The High Court1 has held that documents prepared during an internal investigation are not protected by legal professional privilege (“LPP”) and as such should be handed over to the Serious Fraud Office (“SFO”).

London-headquartered mining company Eurasian Natural Resources Corporation Ltd (“ENRC”) instructed lawyers and forensic accountants to conduct investigations between 2011 and 2013 relating to allegations of fraud, bribery and corruption in its business in Kazakhstan and Africa. ENRC released to the SFO its final report on the Kazakhstan investigation but not the underlying interviews and work product. A lengthy period of dialogue between ENRC and the SFO, which commenced in August 2011, culminated in the SFO starting an ongoing criminal investigation against ENRC in late April 2013 that may ultimately lead to prosecutions.

As part of investigations into these allegations, the SFO exercised its powers under s2(3) of the Criminal Justice Act 1987 (“CJA”) to compel production of undisclosed documents from ENRC. ENRC resisted disclosure of certain documents on the grounds that they were covered by LPP. The SFO disagreed and made an application to the High Court.

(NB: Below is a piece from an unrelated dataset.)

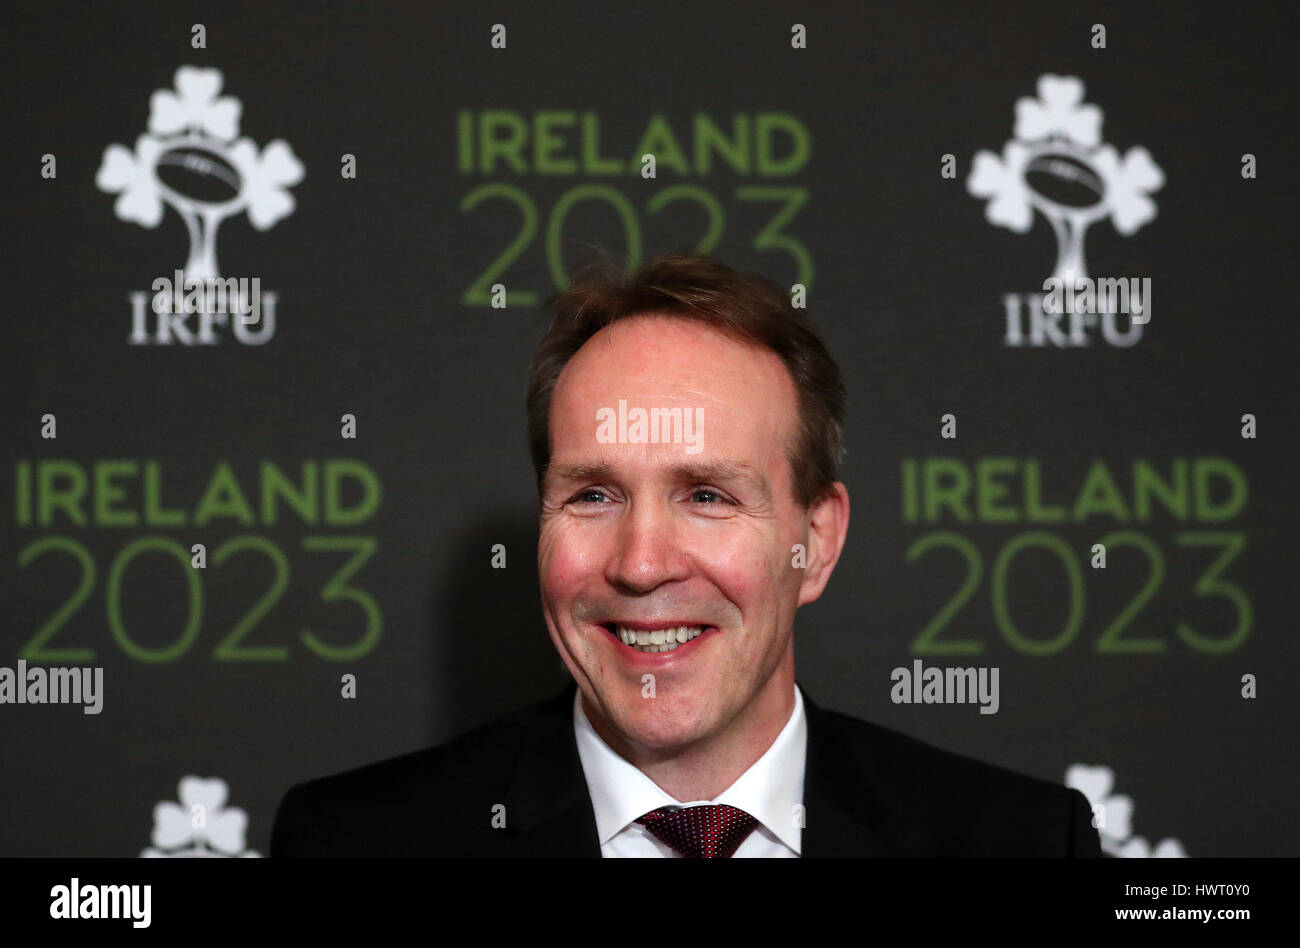 Kevin Potts, Ireland 2023 Oversight Board, during a press conference at The Merrion Hotel, Dublin. Stock Photo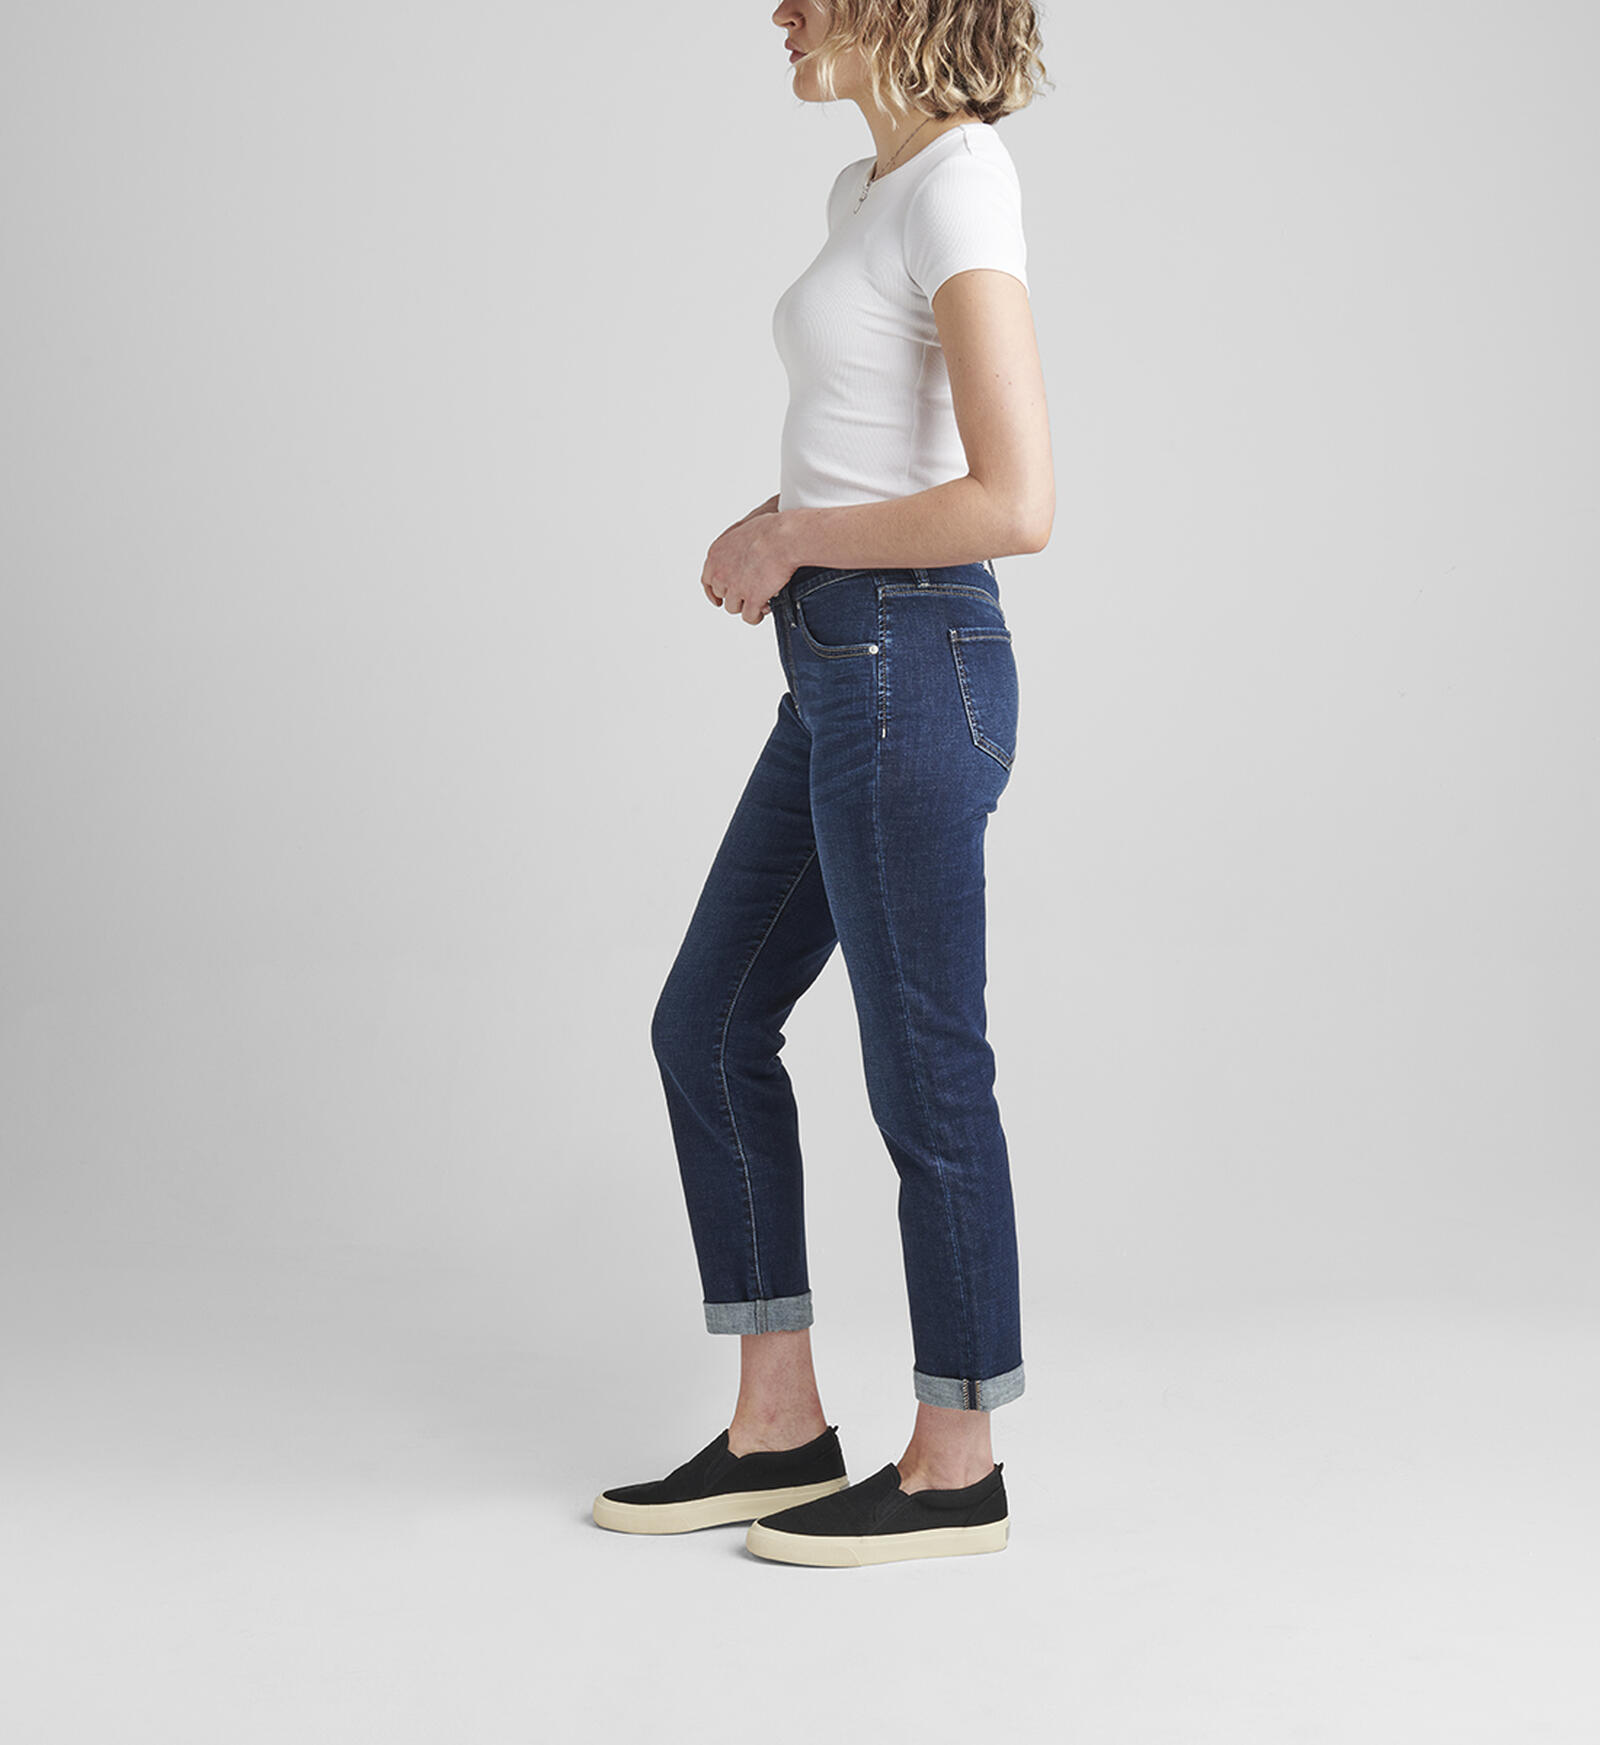 Buy Carter Mid Rise Girlfriend Jeans for USD 78.00

In a judgment delivered on 8 May 2017, Mrs Justice Andrews held that three of the four categories of documents presented before the court were not subject to LPP. These included interview notes and materials generated by forensic accountants. A fourth category, consisting of information presented to ENRC’s Nomination and Corporate Governance Committee and/or ENRC Board in March 2013, was found to be privileged.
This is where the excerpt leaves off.